The Week's Agenda: Look Around
Giving ad buyers the metrics they want may mean looking elsewhere for key technology. Europe has some of it. Sites there can tell you things about their users that sites in the United States can only guess at.
Giving ad buyers the metrics they want may mean looking elsewhere for key technology. Europe has some of it. Sites there can tell you things about their users that sites in the United States can only guess at.
“And so you’re gonna have to go and find it, / You’ll have to dig beneath the ground.”
John Popper was addressing a troubled friend on his CD “Four,” but he could have been addressing Internet advertising today.
Giving ad buyers the metrics they want may mean looking elsewhere for key technology.

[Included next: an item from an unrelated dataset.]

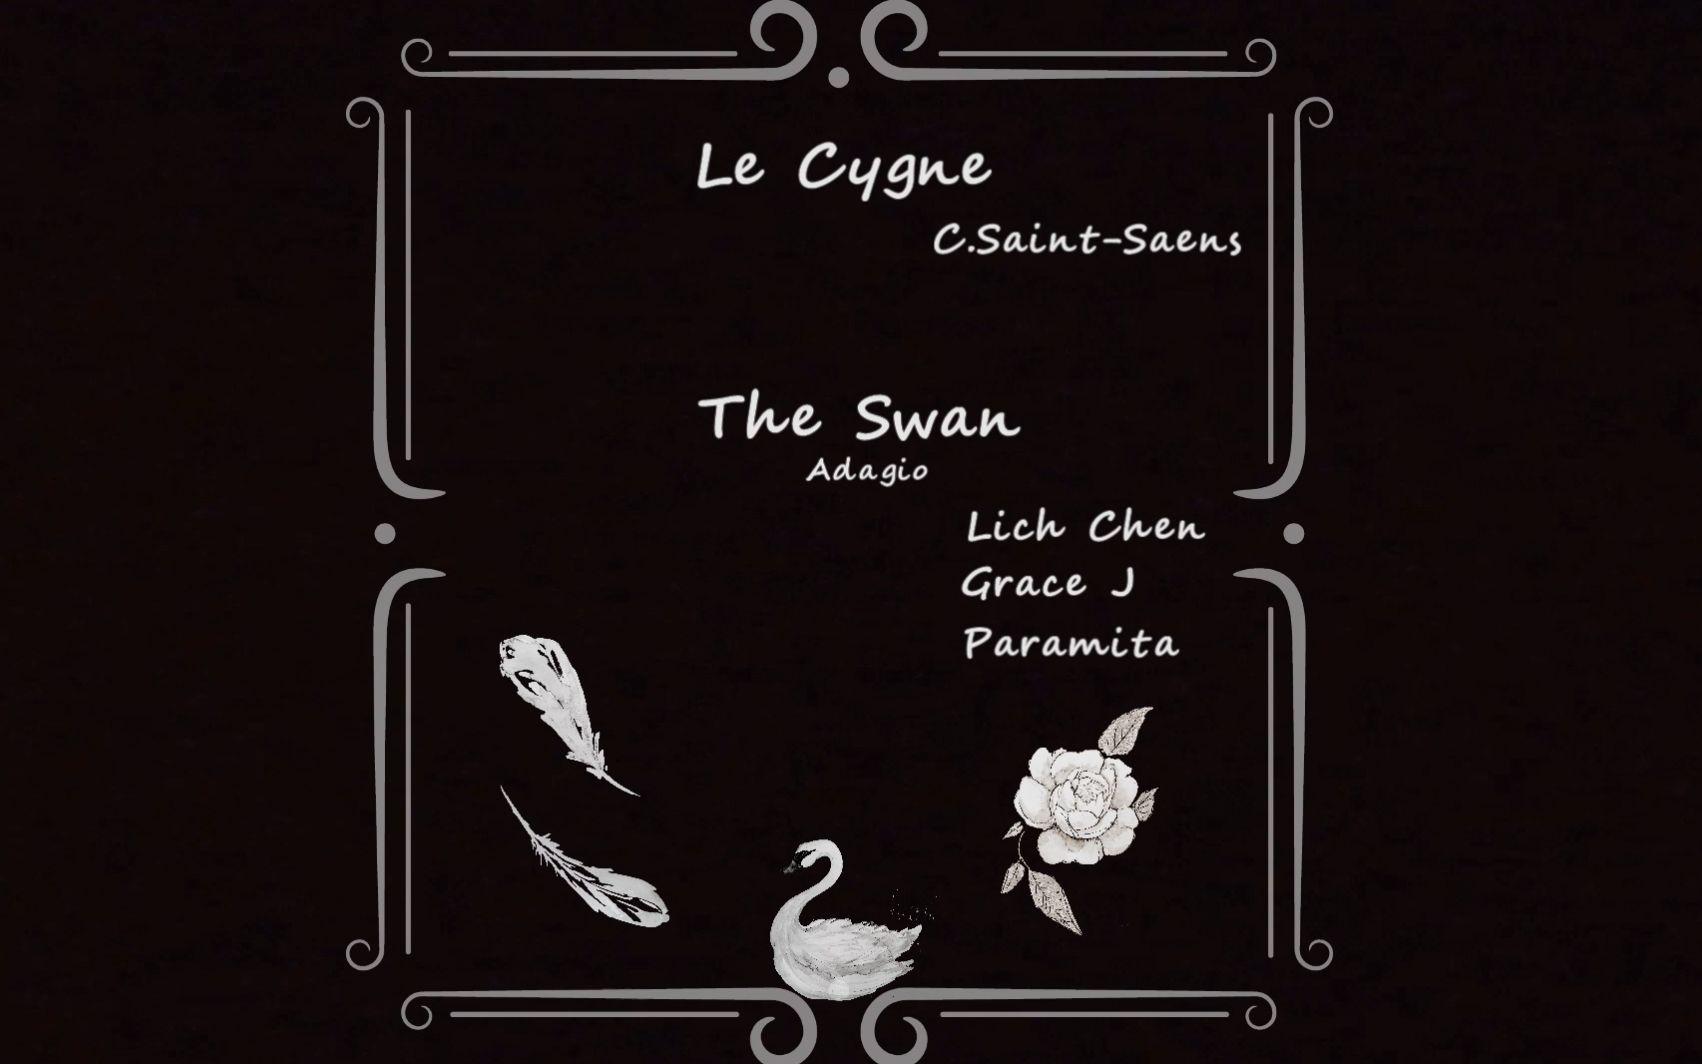 j  lita 演奏乐器: 钢琴 小提琴  简介补充: the swan 天鹅 圣桑 评论图片

Europe has some of it.
One reason Europe has some of it is that there the Web has been forced to come up with solutions to problems that the U.S. industry has yet to acknowledge.
For example, the European Union’s (EU’s) restrictive privacy rules, which the U.S. government is still fighting, nevertheless caused many sites there to start building registration databases back in the mid-1990s. Sites there can tell you things about their users that sites here can only guess at.

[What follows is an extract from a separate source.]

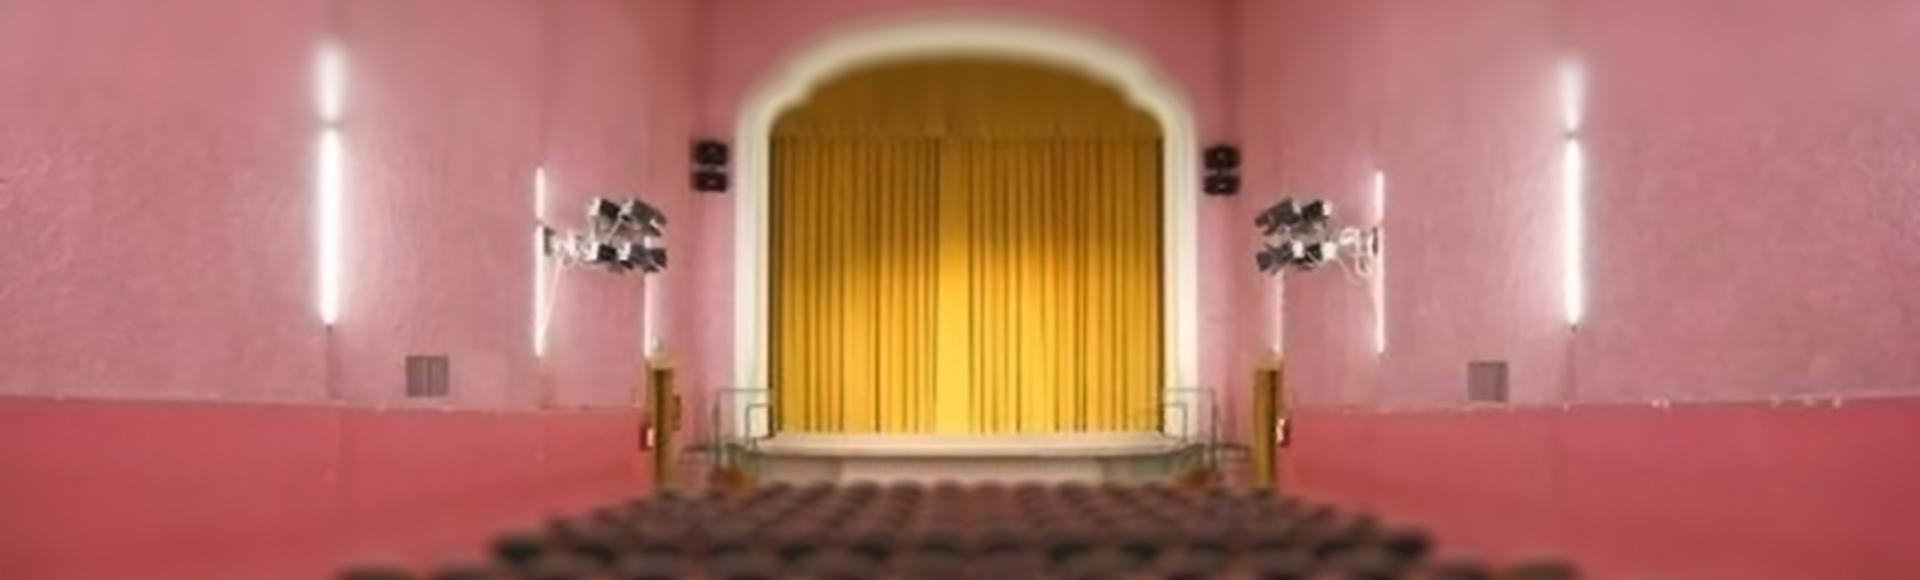 Teatro Serenissimo

The lack of a dot-com boom also made the European industry move quickly toward cooperation on standards for audience measurement.
Recently, Germany’s IVW, the equivalent of our IAB (Interactive Advertising Bureau), installed close to 100 “black boxes” around the German Net to gather audience information, and those boxes are being turned on this month.

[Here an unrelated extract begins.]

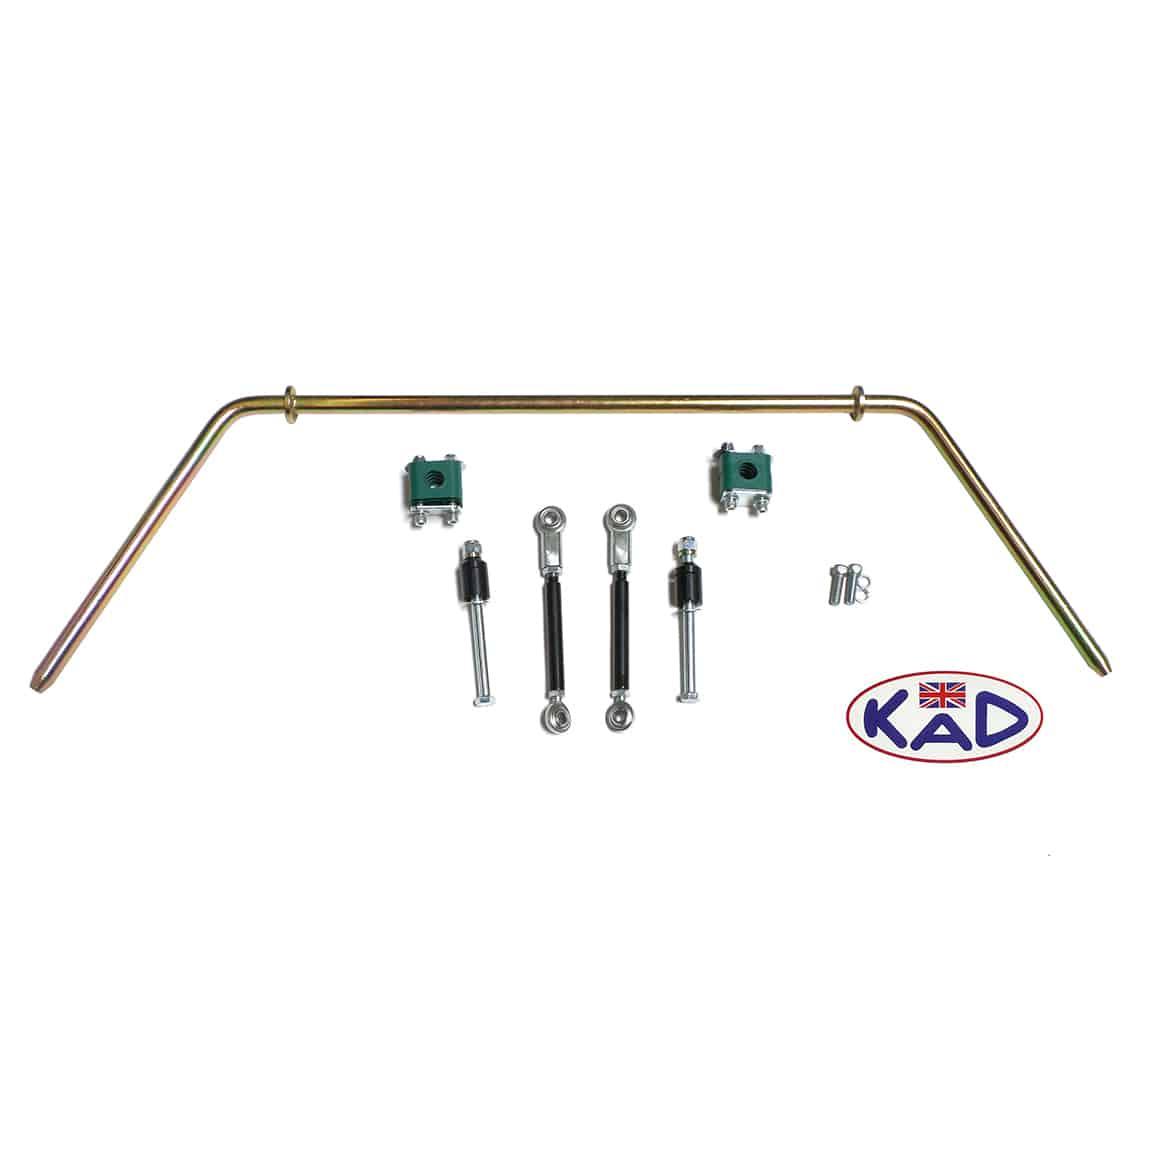 KAD Front Anti-Roll Bar (KAD1013209)

One result is that German advertisers can readily access certified numbers on users and site visits — numbers they can trust and base buys on.
A measurement scheme for counting users and site visits has already been accepted throughout the country and will likely be accepted throughout the EU as well, according to consultant Klaus Arnhold of Hamburg.
In other words, while the United States has been fighting Europe’s privacy regulations, European technology companies have been solving the problem.
One result, Arnhold says, is that U.S. Web companies in Europe are having trouble, and not just because of the language differences.
They come in, Arnhold says, with the attitude of “Here we are, let us show you how it’s done,” ignoring not just local laws, but local solutions.
Now it turns out that some of those solutions may be applicable here. America’s anonymous Web can’t tell non-com advertisers anything about their audiences or how much of an industry they’ll reach buying ads on specific sites.
German sites can get this data to advertisers, and in a standard format. One result is that ads from advertisers such as Mercedes-Benz are common on sites like that of Stern magazine, while big U.S. sites like MSNBC still make do with Casino on Net and Classmates.com.
Why aren’t there more ads for Chrysler on AOL-owned Time.com? It could be that Time doesn’t speak the language Chrysler needs to hear. It turns out some of the necessary words may be in German.
Arnhold is among those now holding themselves out as “guides” to a local technology landscape, and he should find a niche.
The German language isn’t that hard, after all. You just run words together like you’d wreck a train, throw the verbs to the end, gargle through the consonants, and sprinkle umlauts over the top. (Just kidding, Freunde.)
The point is that as more countries enter e-commerce, based on local laws and customs, technology outfits are finding ways to adapt. American firms need to look at those solutions and adopt those that work.
If someone else’s trouble with government, in other words, has become your problem with the market, then look around: The solution to your problem may already exist.